When your crowd gathers for a backyard barbecue and the menu features steak, lamb, burgers, grilled vegetables and the like, red wines are called for. Though you may regard that marbled piece of aged steak as the quintessential opportunity to open that long-hoarded bottle of Cabernet Sauvignon, it hardly seems refreshing sitting outside on a hot day. Instead reach for a wine with a chill.
But first we need to clear a few cobwebs out of the way. Among them that red wine can’t be served cooled. In fact, some red wines show their best attributes when cooled down a touch. That doesn’t mean that your wine should come straight from the fridge – between 55 and 60 degrees is ideal. Reds that taste great served at these temps are unoaked with lower tannin and higher acid. Translation: avoid tannins and oaky flavors. What does that leave? Only much of the low-priced red wine universe. Allow me to make a list, beginning in Italy: Barbera, Valpolicella, Chianti, Montepulciano d’Abruzzo, to name a few.
As for the steak, consider a Cabernet Franc from the Loire.

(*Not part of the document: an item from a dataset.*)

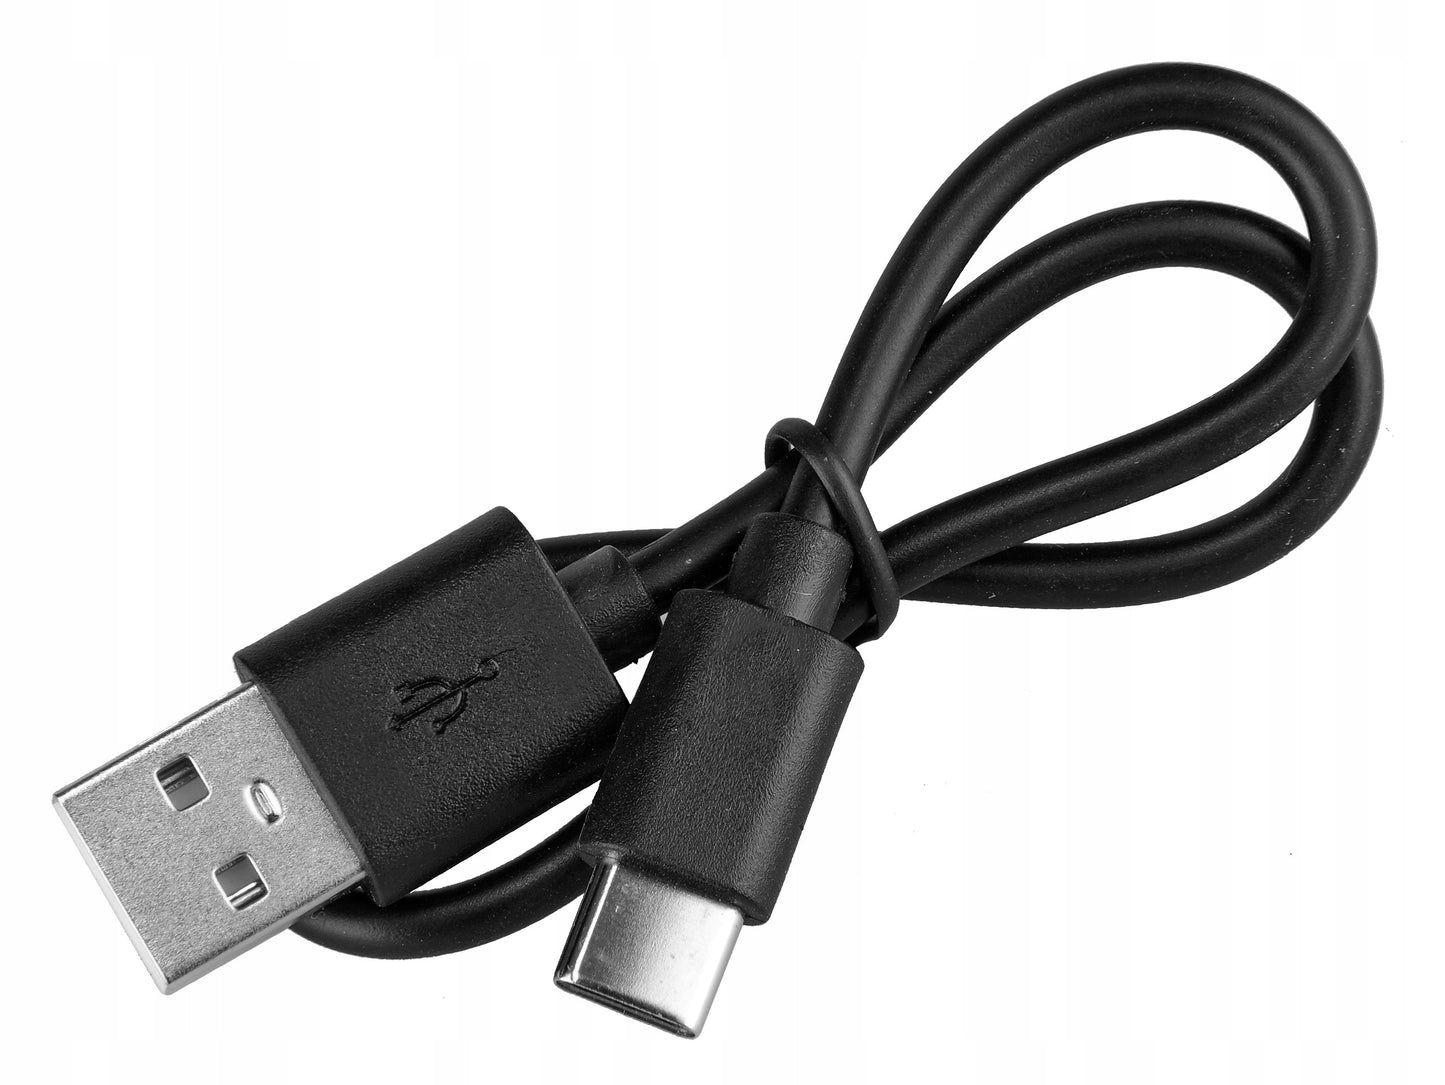 ProX 1800 Lumen Premium Line - Éclairage avant - Rechargeable USB-C

A slight chill will activate the mouthwatering peppery attributes and high acid of this cool climate red – perfect companion to the dominant charred flavor of the meat.

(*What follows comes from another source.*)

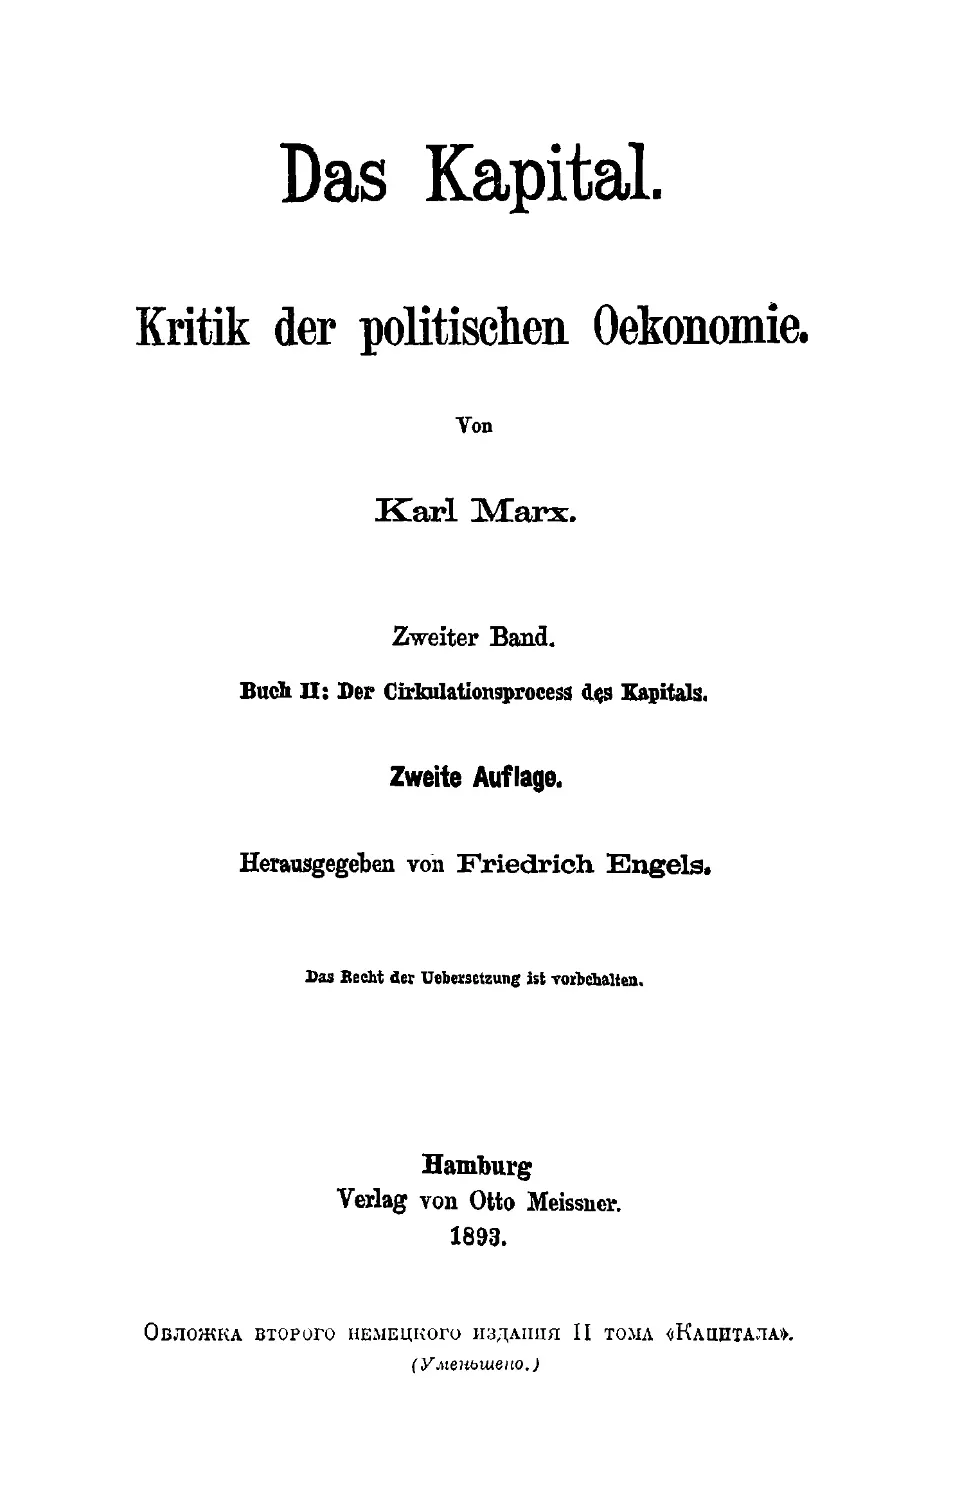 Обложка второго немецкого издания II тома «Капитала»

As to Barbecue, I am a long-time believer that Champagne is perfect, as long as you steer clear of overly sweet sauce, which you should do anyway. For brisket, I also suggest a red wine with firm acidity and a touch of smoke to echo the meat. I’d reach for a Chianti, one that emphasizes the dusty, smoky fruit of the Sangiovese grape.
The simplest fare – hot dog and hamburgers – calls for relatively fruity red wines, especially those that are served slightly chilled such as Beaujolais, or a Russian River Pinot Noir.
Still have room on your grill? Simply grilled fish and chicken pair terrifically with Sauvignon Blanc, Gruner Veltliner or even Verdejo. Citrusy, sometimes grassy, and always light, they are sophisticated enough to satisfy a refined palate yet simple enough to be pleasurable.
And of course, Rose would match any of these proteins flawlessly!